**ACTIVITY**.
Each line of the listing, apart from the pictures, is to be printed exactly.

**DATA**.
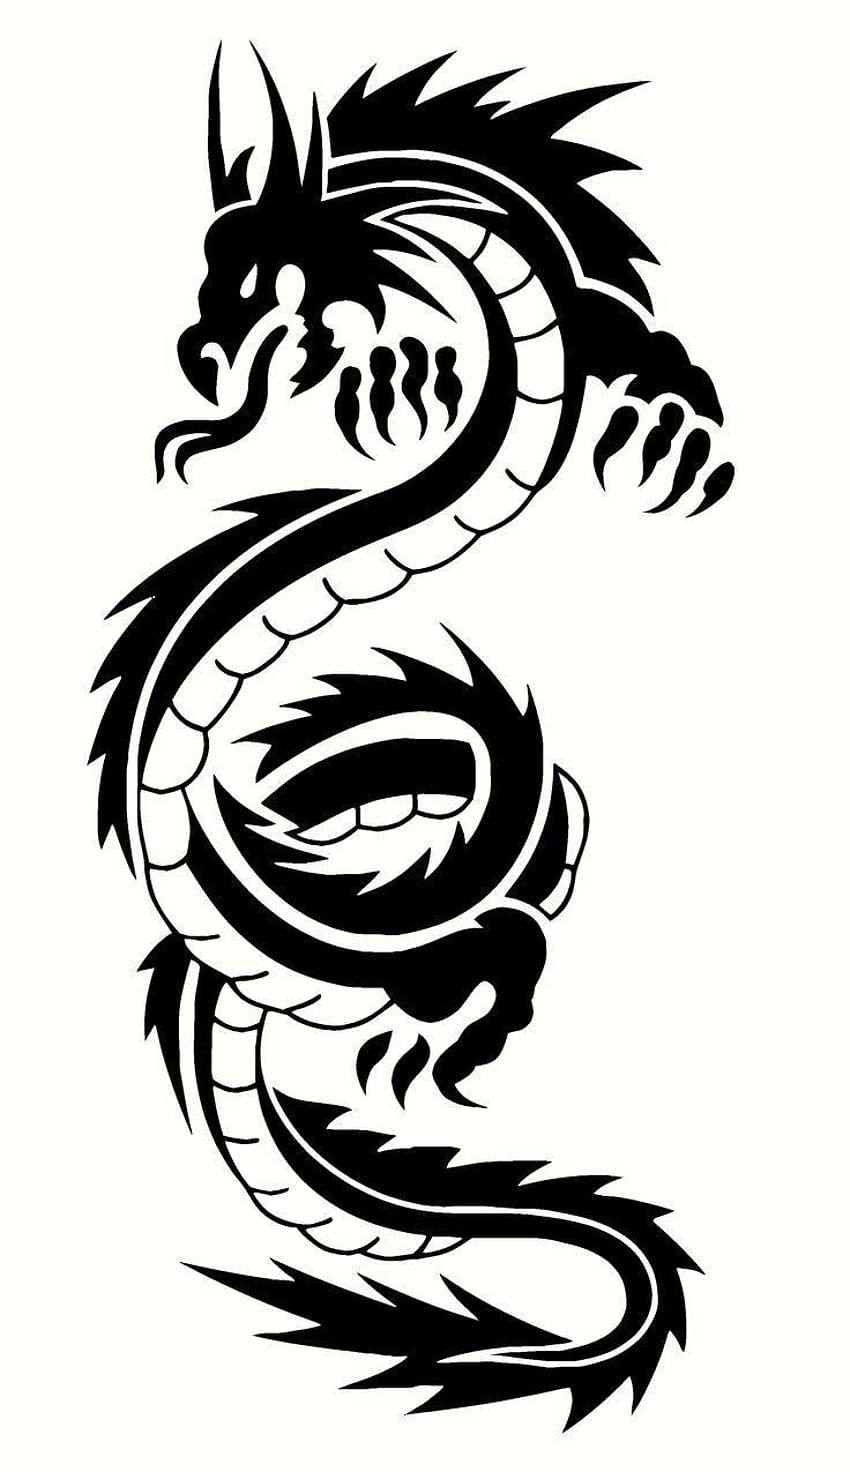 Stylized Dragon Spiral Tattoos Set Of Black And White Vector  Illustrations Royalty Free SVG Cliparts Vectors And Stock Illustration  Image 25515924
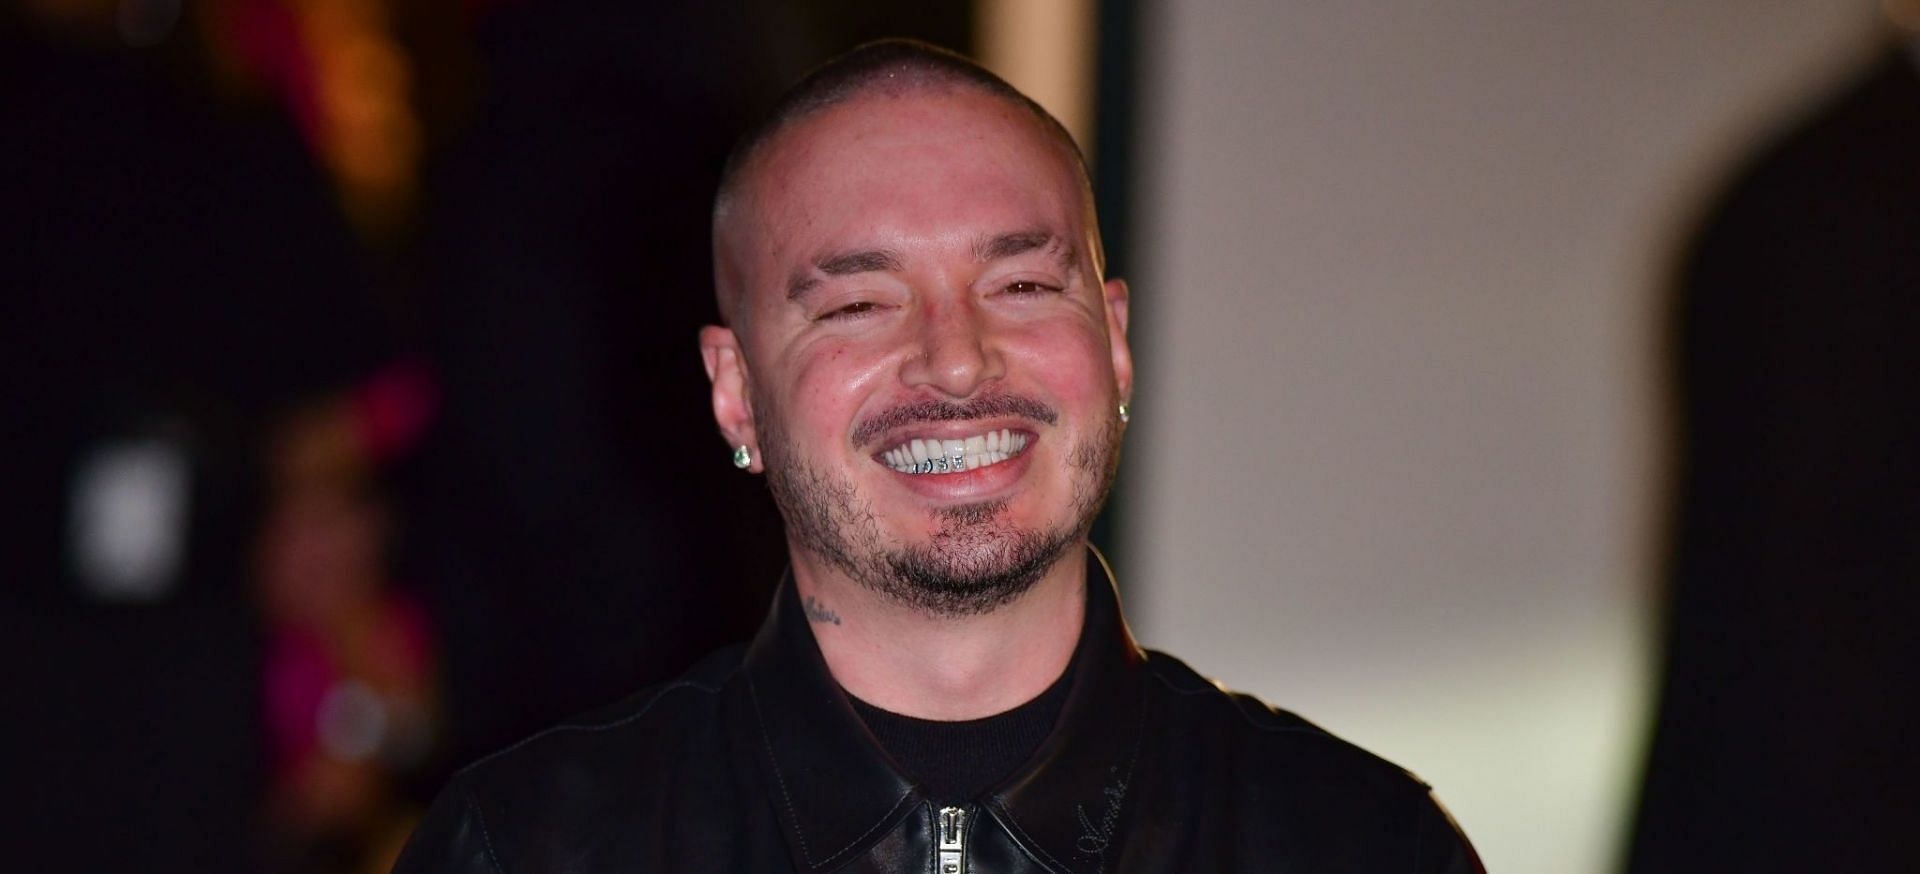 J Balvin faces criticism for receiving &#039;Afro Latino Artist of the Year&#039; Award at AEAUSA (Image via James Devaney/Getty Images)
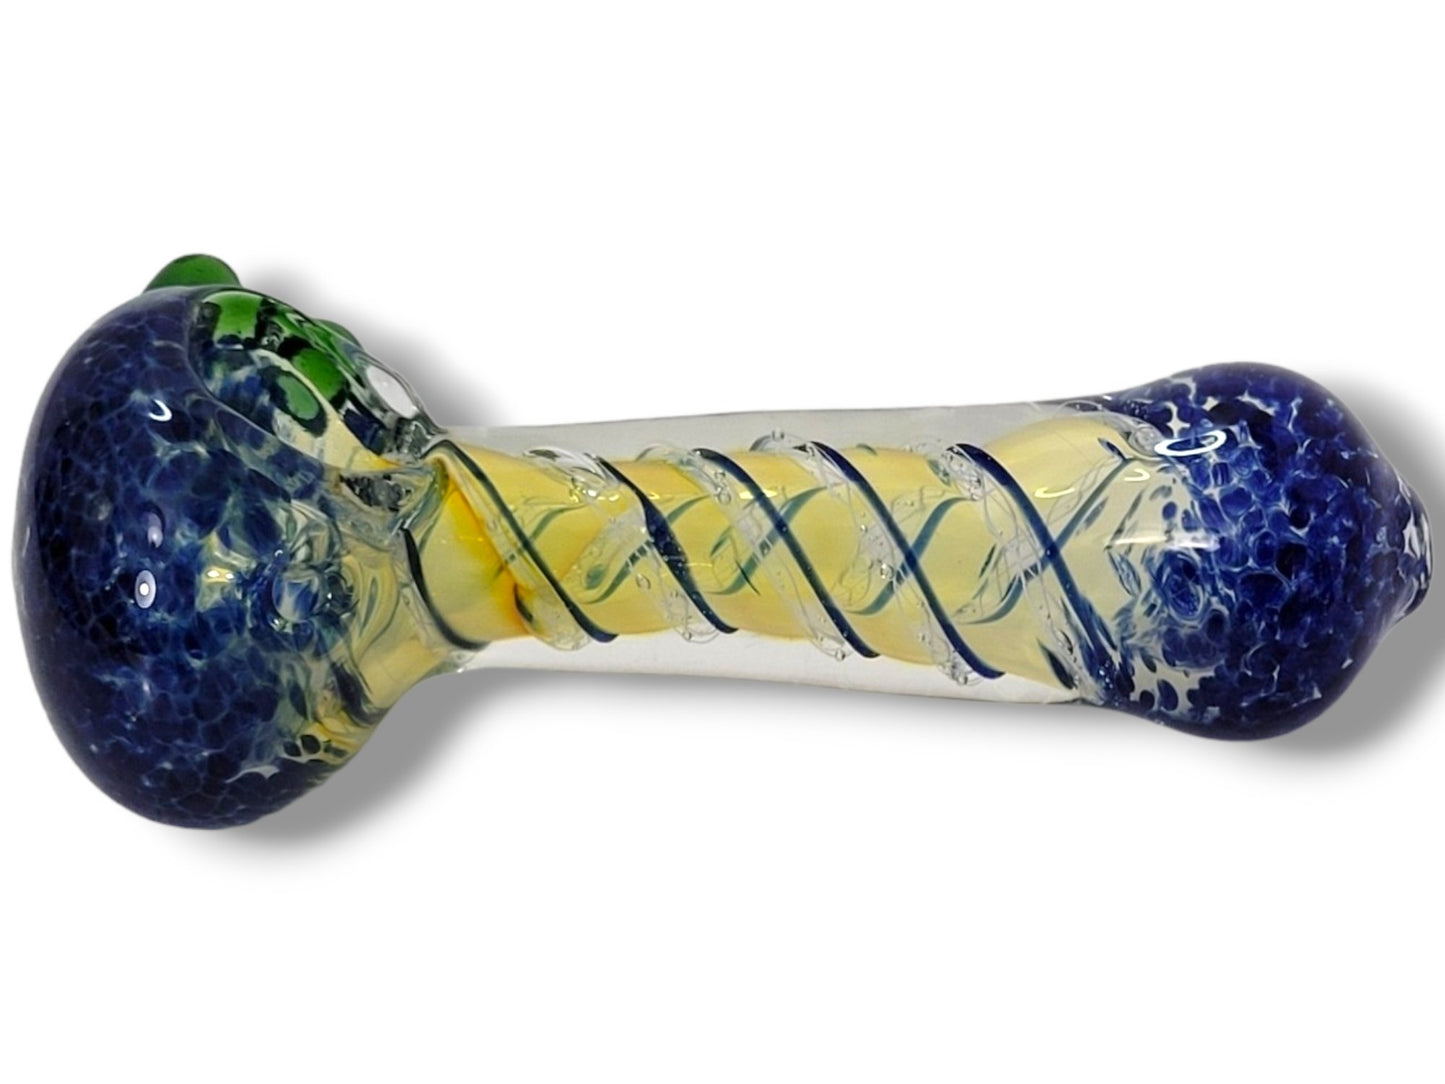 4" Spiral Glass Pipe - Canna Camp Supply Co

**TASK ANSWER**.
 Stylized Dragon Spiral Tattoos Set Of Black And White Vector  Illustrations Royalty Free SVG Cliparts Vectors And Stock Illustration  Image 25515924
 J Balvin faces criticism for receiving &#039;Afro Latino Artist of the Year&#039; Award at AEAUSA (Image via James Devaney/Getty Images)
 4" Spiral Glass Pipe - Canna Camp Supply Co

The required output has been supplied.